Le Gri-gri International, premier journal satirique panafricain, reparaît et reprend là où il s’était arrêté, au numéro 19. Créé en juillet 2001 par Michel Ongoundou Loundah, directeur de la publication, l’aventure prend fin en février 2002. Le journal est à cours de ressources, étranglé financièrement par la pression exercée sur les distributeurs africains par les dictateurs du continent, qui apprécient peu la satire. Mais la rédaction, rompue à la censure et aux tentatives d’intimidation, ne déclare pas forfait. La preuve : le Canard Enchaîné africain est de retour depuis le 30 septembre 2004. Le bimensuel est disponible en kiosque en France, en Suisse et en Belgique et par abonnement en Afrique, sous enveloppe banalisée. Un site Internet est également ouvert.



Une rédaction exilée en France

La vie est un éternel recommencement. Le parcours journalistique de Michel Ongoundou Loundah aussi. A l’origine, il y avait La Griffe, un hebdomadaire satirique gabonais. Mais, peu enclin au sens de l’humour et à la critique, le régime d’Omar Bongo interdit plusieurs fois le journal. Au Cameroun et dans les deux Congo, l’impertinence aussi est une insulte et la censure frappe La Griffe. Lors d’une de ses nombreuses reparutions, en novembre 2000, le journal est accompagné d’un supplément, Le Gri-gri, dont le but est également de dénoncer les abus et la corruption de l’Etat gabonais. Nouvelle interdiction, définitive celle-ci, en février 2001. C’en est fini des menaces physiques, des procès en diffamation et des pressions en tout genre.
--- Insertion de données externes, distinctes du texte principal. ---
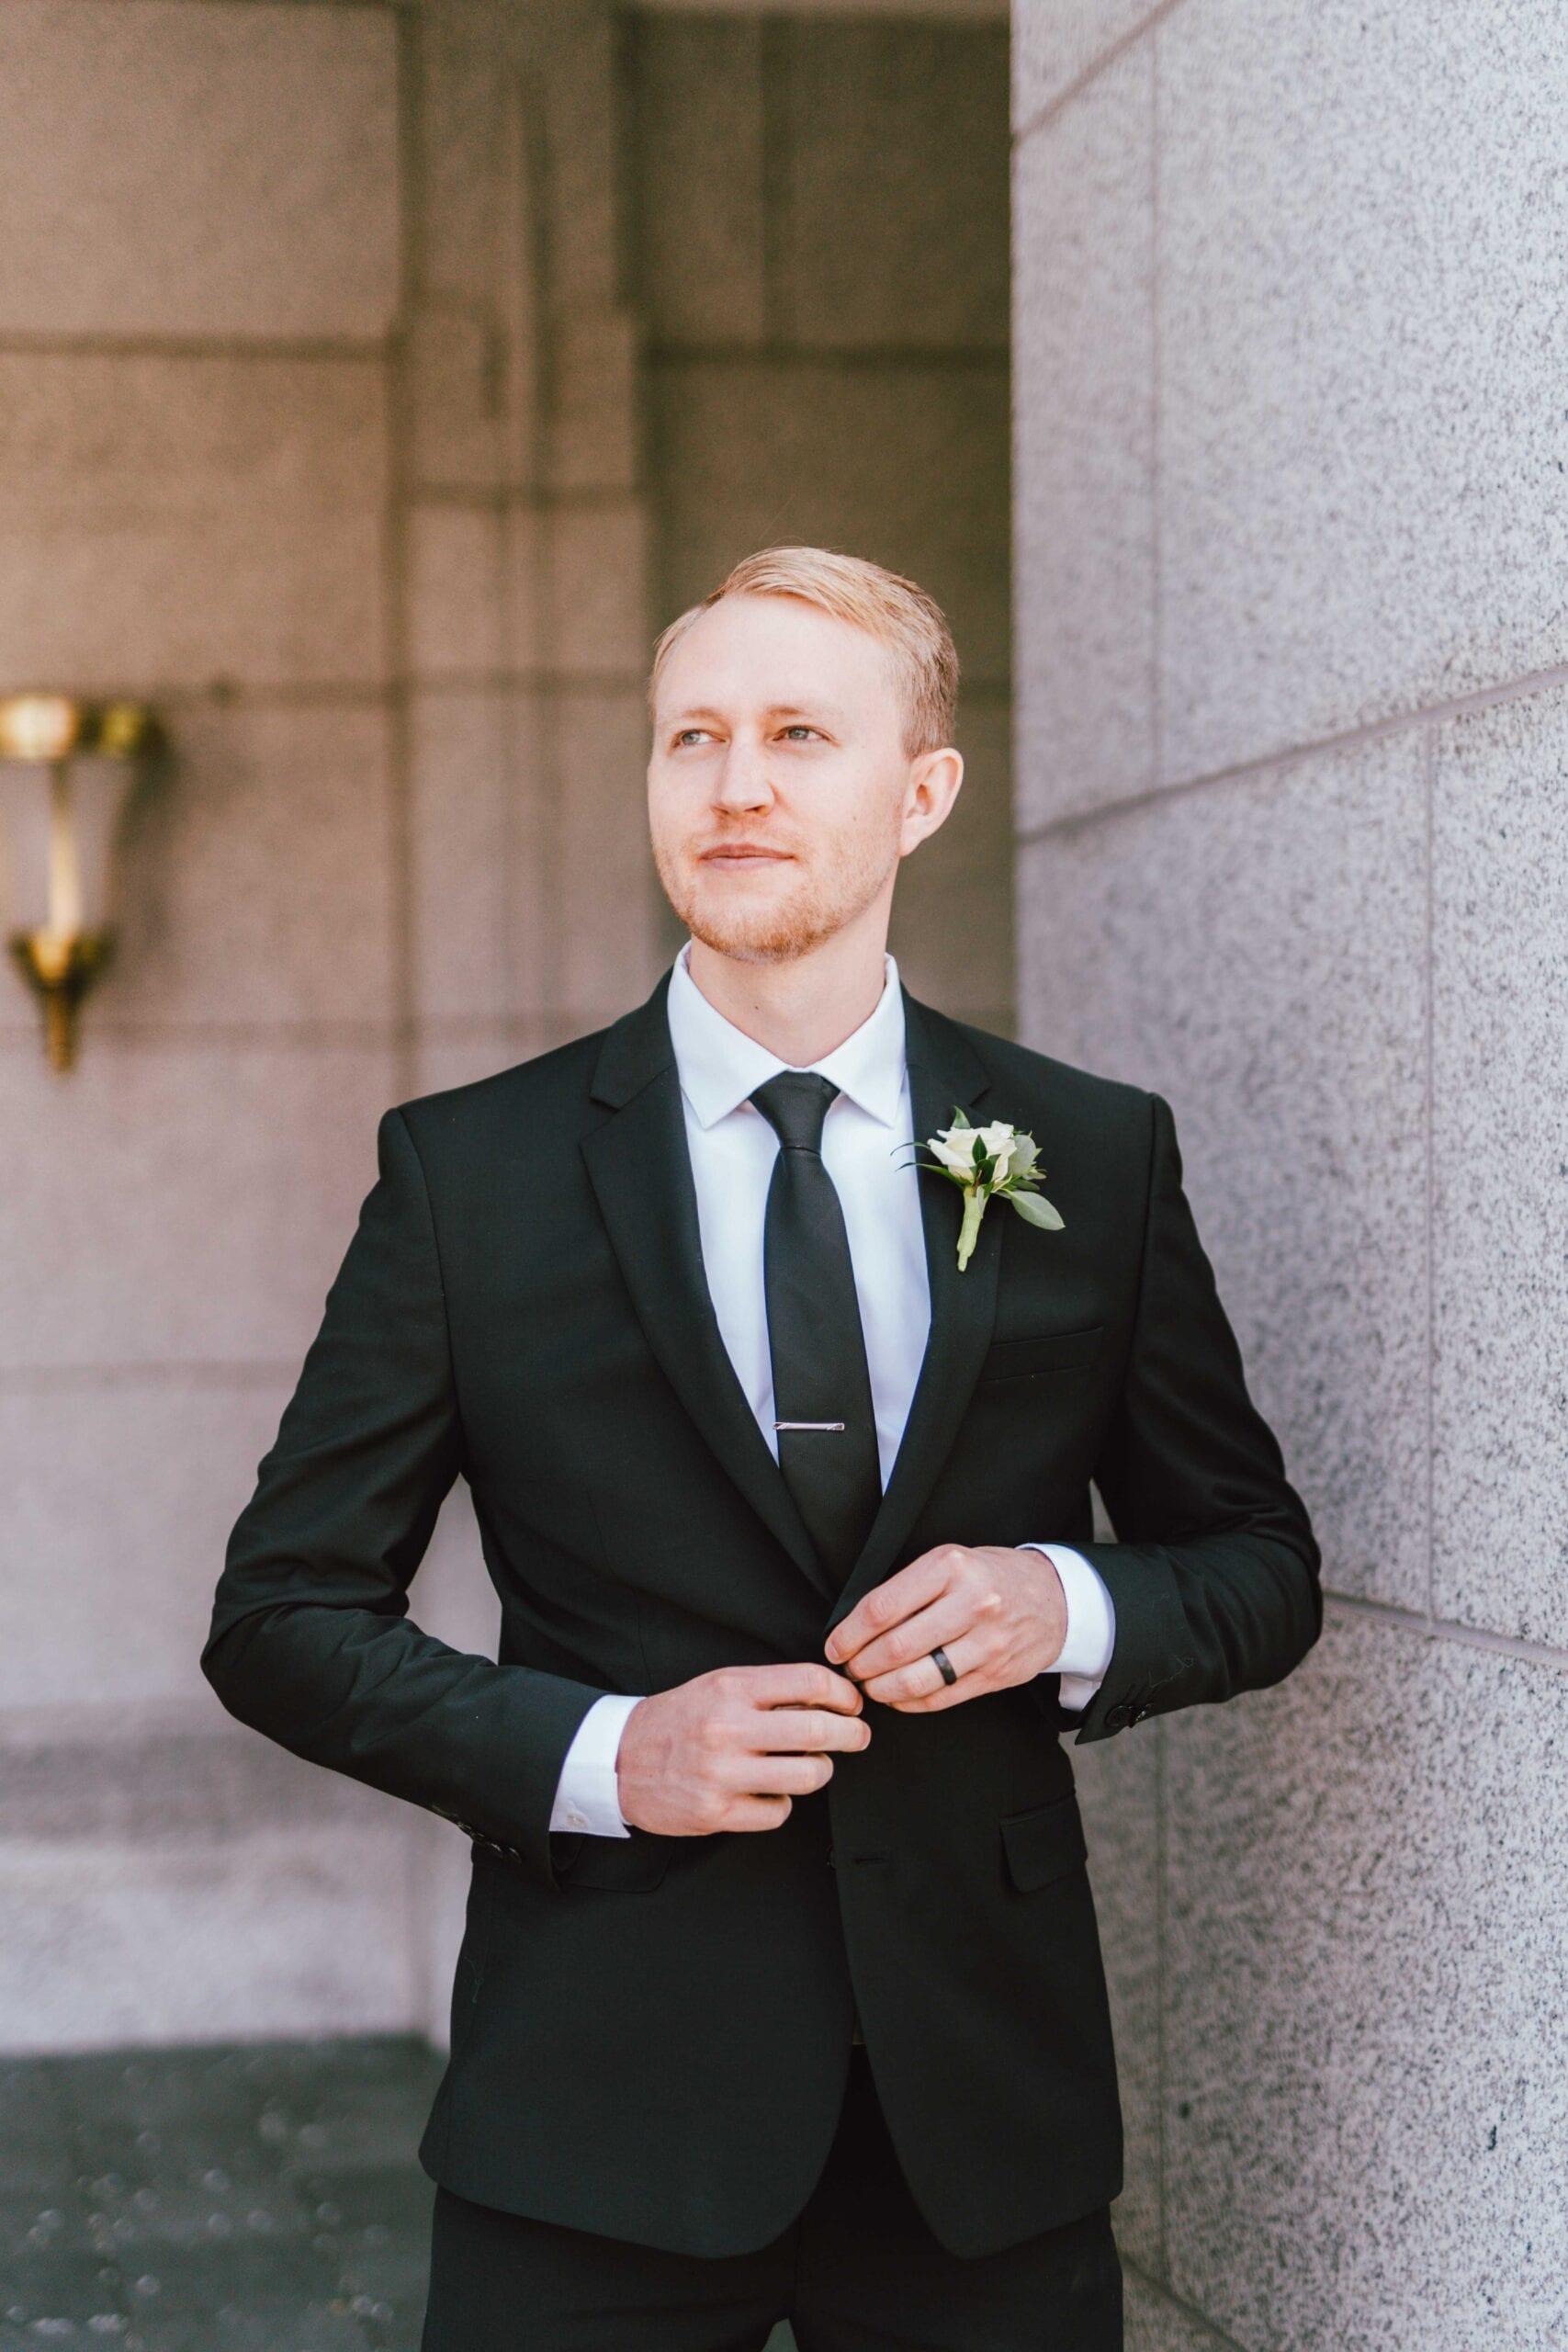 draper utah temple wedding groom

Le directeur de publication et le rédacteur en chef, Raphaël Ntoutoume Nloghè, sont désormais interdits de plume au Gabon.

Nous travaillons avec un réseau de pigistes en Afrique mais la plupart des personnes qui travaillent pour « Gri-gri International » sont des journalistes africains exilés ou réfugiés politiques en France. Certains ont fait de la prison dans leur pays. ”, rappelle Michel Ongondou Loundah. C’est d’ailleurs leur permettre d'exercer le métier de journaliste et à dénoncer les failles des régimes africains que la publication, à vocation panafricaine, reparaît. Aujourd’hui, pour s’assurer une totale indépendance, le titre ne laisse aucune place à la publicité. Une association, les amis du Gri-gri, promeut le média et le soutient financièrement via un système d’abonnement.


Une vocation grand-public

Gri-gri International s’adresse à tous ceux qui s’intéressent à l’Afrique et sont sensibles aux droits de l’homme et à la liberté d’expression. “ Notre cœur de cible ? Aussi bien les Africains que les Français sans oublier, bien sûr, les Africains de France. Compte tenu du niveau de censure en Afrique, nous comptons évidemment sur ces derniers pour nous faire connaître et relayer l’information ”, explique Michel Ongondou Loundah. Mais pour l’instant, la situation financière ne permet pas à l’équipe de communiquer spécialement en direction de la diaspora africaine. “ Quand nous en aurons les moyens, nous solliciterons les associations africaines de France qui sont nombreuses et extrêmement dynamiques ”, poursuit le directeur de publication. En attendant, des média tels que RFI, Amina, ou La Lettre du Continent, très écoutés ou lus en Afrique comme par la diaspora ont parlé de la reparution du Gri-gri International. Mais la vocation du journal reste, avant-tout, grand-public.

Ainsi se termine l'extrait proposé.